Vasconcelos scented each ceramic piece that’s covered with crochet.
“Now, I have the impression that I’m going to put perfume in all the sculptures,” she exclaimed.
When Thalheimer approached Hubert Le Gall for their “Profile By” project, he thought of a subject that had been obsessing him: mythology.
“I liked the idea of a vase, an object which contains the perfume,” said Le Gall. “I wanted to make the perfume of Dionysus. Dionysus resembles me the most — I speak of loving life, dance, excesses, terrestrial pleasures,” he said. “I call this ‘The Heart of Dionysus.’”
The artist gestured to a cracked vase with two branch-like forms on either side. Those could be interpreted in many ways — as two aortas leaving a heart, a bull’s head with horns or life’s comedy (the side sprouting green bulbs) and tragedy (the side cut short), for instance.
Le Gall told perfumer Jean-Christophe Hérault that he wanted a carnal scent.
“I didn’t want something floral, delicate. I wanted something that spoke of all that…of an uninhibited god,” said Le Gall.
“I adore history and antiquity — it’s a period I find extremely rich,” said Hérault, who was reminded of “Letters from a Stoic” by Seneca. From there he was guided in the fragrance creation by the duality of stoicism and excess.

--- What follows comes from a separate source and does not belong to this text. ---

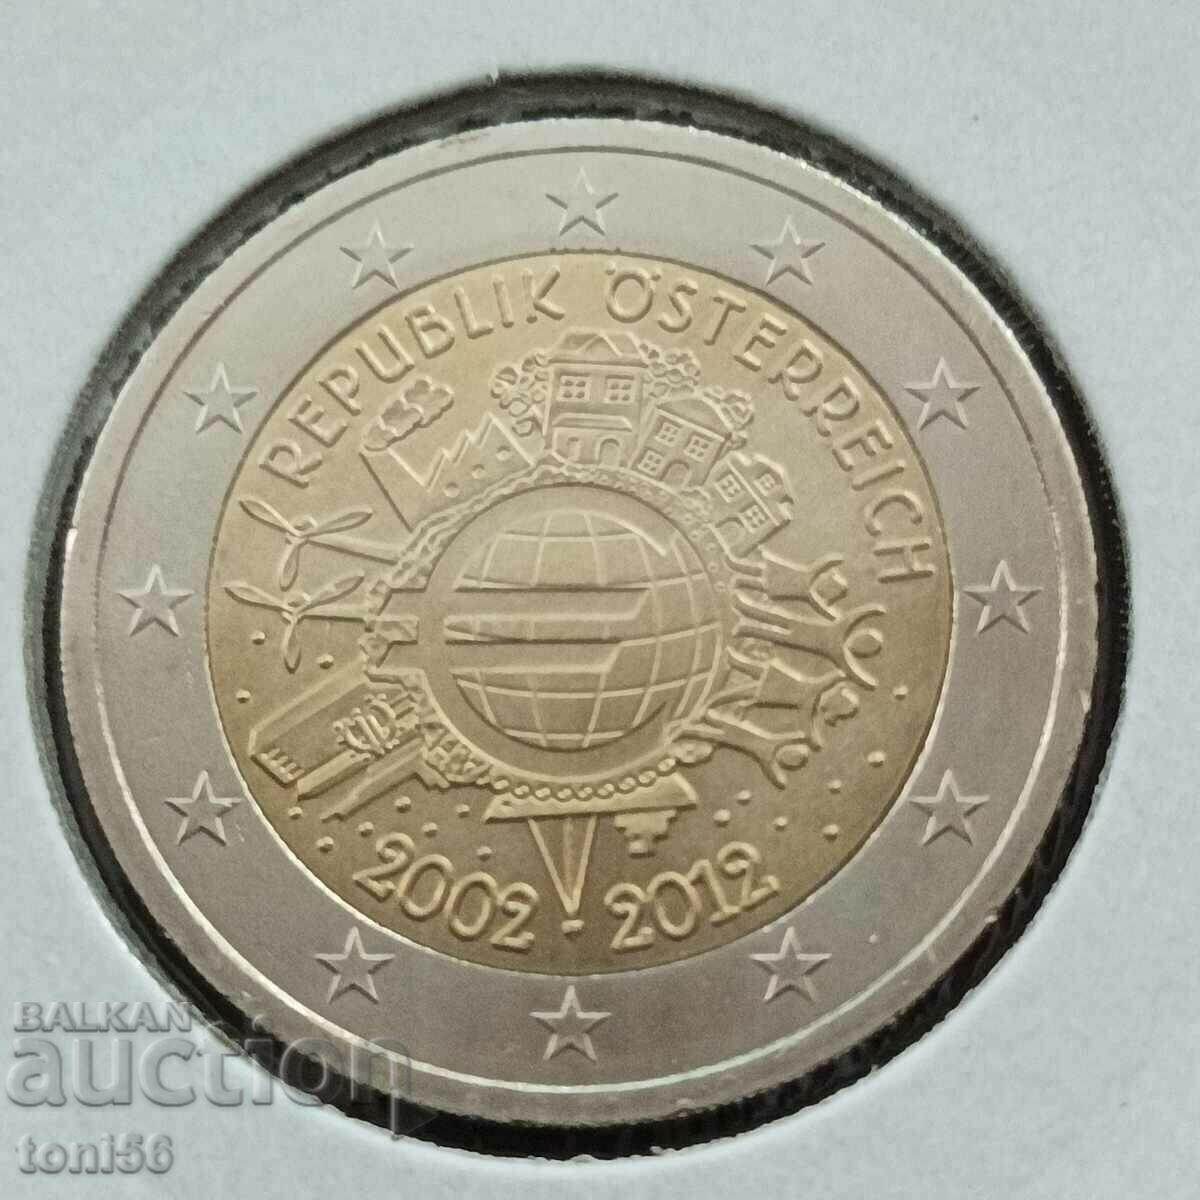 Αυστρία 2 ευρώ 2012 - 10 χρόνια "Κέρματα και τραπεζογραμμάτια ευρώ"

“I used aromatic essences that we could have found during Antiquity in different forms,” he said, naming the likes of myrtle, myrrh, marjoram, oregano, mint and thyme. “It’s something extremely sensual.”
“Aromatic and sexual,” added Le Galle, whose vase contains the scented ceramic ball.
Another work was created by artist Pablo Reinoso and perfumer Domitille Michalon-Bertier, who have known each other for more than 15 years. Before partnering together on the “Profile By” project, Michalon-Bertier visited Reinoso’s atelier. Next they began smelling raw ingredients.
Reinoso had kept in mind a men’s scent, which diffuses horizontally, that IFF had formulated but never marketed. From there, Reinoso and Michalon-Berier came up with a woody luminous fragrance.
Reinoso said it was complicated to integrate fragranced ceramic into his sculpture made out of chestnut wood, called “Rocking Me.”
“It’s this idea of continuity that made me think of this serpentine space,” said Reinoso, who wanted the work of art to be able to move slightly, capturing the idea of the movement of someone wearing and giving off the scent of perfume. “Technically it seems simple, but it’s very, very difficult to do this piece because there are three circles touching the ground.”
Perfumer Nicolas Beaulieu worked with sculptor Daniel Firman on a project involving lifelike bronze hands holding a fragranced ball of ceramic, called “Saisir l’impossible (l’échappé)” (or “Seize the Impossible (Escaped)”).
“I thought this idea was extremely poetic,” said Beaulieu, adding not only was the idea about the fleeting nature of fragrance, but also about fate’s incontrollable nature.
He and Firman opted to work with the notion of a material nonexistent in perfumery — burnt wood that’s cold. They began by using citrus oil to express green wood, a note of flint stone and an accord of vetiver, cashmeran and oak wood absolute, and a sandalwood note from New Caledonia.
“There is something very addictive,” said Beaulieu of the sent.
Nearby stood the creation of perfumer Juliette Karagueuzoglou and artist Ori Gersht, titled “Never Ending Journeys 01, 02, 03.” It includes a white flower, woody scent.
Images of flowers feature in this artwork, shown around the circular base that’s reflected in a mirrored cylinder. The fragranced ceramic takes the form of a round globe sitting atop it.
“His favorite flower is the Madonna Lily, so I started with that,” said Karagueuzolglou, speaking of Gersht.
Perfumer Paul Guerlain teamed with artist Adel Abdessemed on a sculpture resembling a woman’s foot with its heel on a ball.
“He spoke of Nice, sand, air, wood and fire,” said Guerlain, who put together olfactive accords accordingly for a rose oriental scent that fragrances the oeuvre “Noli me tangere” (or “Touch Me Not”). “It was hyper interesting to work with someone from another universe, who expresses himself differently and arrive at this.”